Theoretical limitations also shape the field. The impossibility result for single-snippet attribution means that provenance claims must be calibrated carefully. Overstating certainty about the origin of an isolated code snippet would conflict with the Accountability dimension’s emphasis on traceability grounded in valid evidence (Ma et al., 2023). This result encourages a shift from deterministic provenance assertions toward probabilistic classification and set-level verification.
The ES-CodeGen survey additionally reports an important sociotechnical blind spot: before reflection, 56.3% of respondents ignored Social Acceptability, and 46.9% ignored Social Responsibility and Labor Rights; after reflection, more than 80% rated these as moderately or very relevant (Xu et al., 26 Jul 2025). This suggests that current practice may overemphasize legal and technical issues while underweighting community impact, worker treatment, and culturally situated harms. The taxonomy’s inclusion of these dimensions is therefore corrective rather than merely descriptive.
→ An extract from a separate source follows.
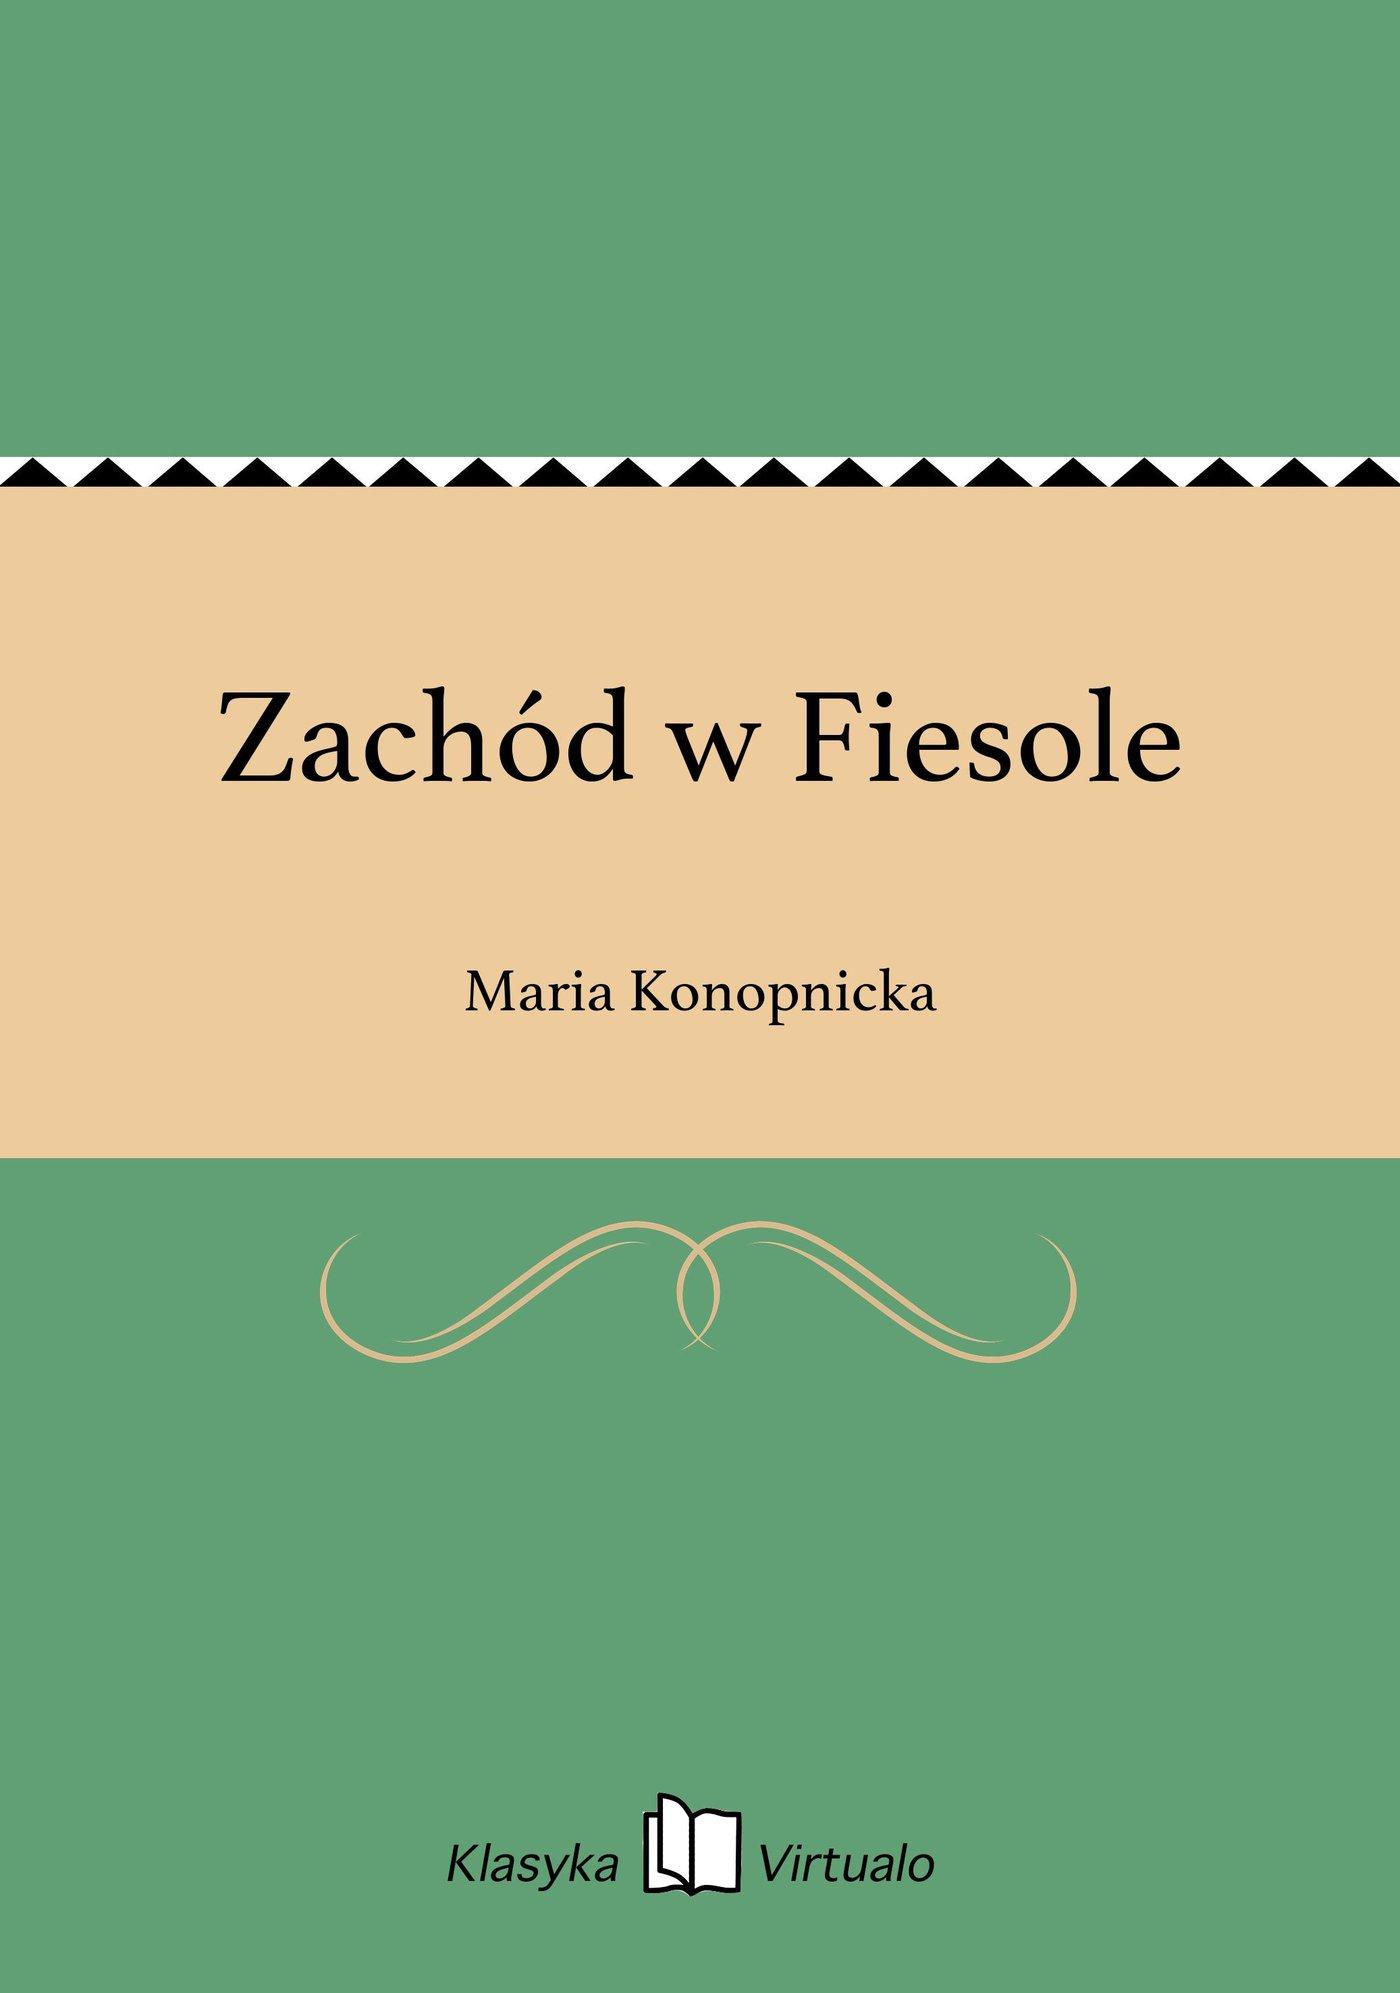 Zachód w Fiesole - Ebook (Książka EPUB) do pobrania w formacie EPUB

Research directions implied by the existing literature include scalable opt-in workflows, stronger privacy and license audits, anti-bias evaluation suites integrated with code-generation benchmarks, environmental accounting for both training and inference, and formal interfaces for audit logs and supply-chain metadata (Xu et al., 26 Jul 2025). The combined body of work indicates that ES-CodeGen is not a single algorithmic solution but an organizing framework for aligning provenance, fairness, quality, accountability, and sustainability in code generation systems.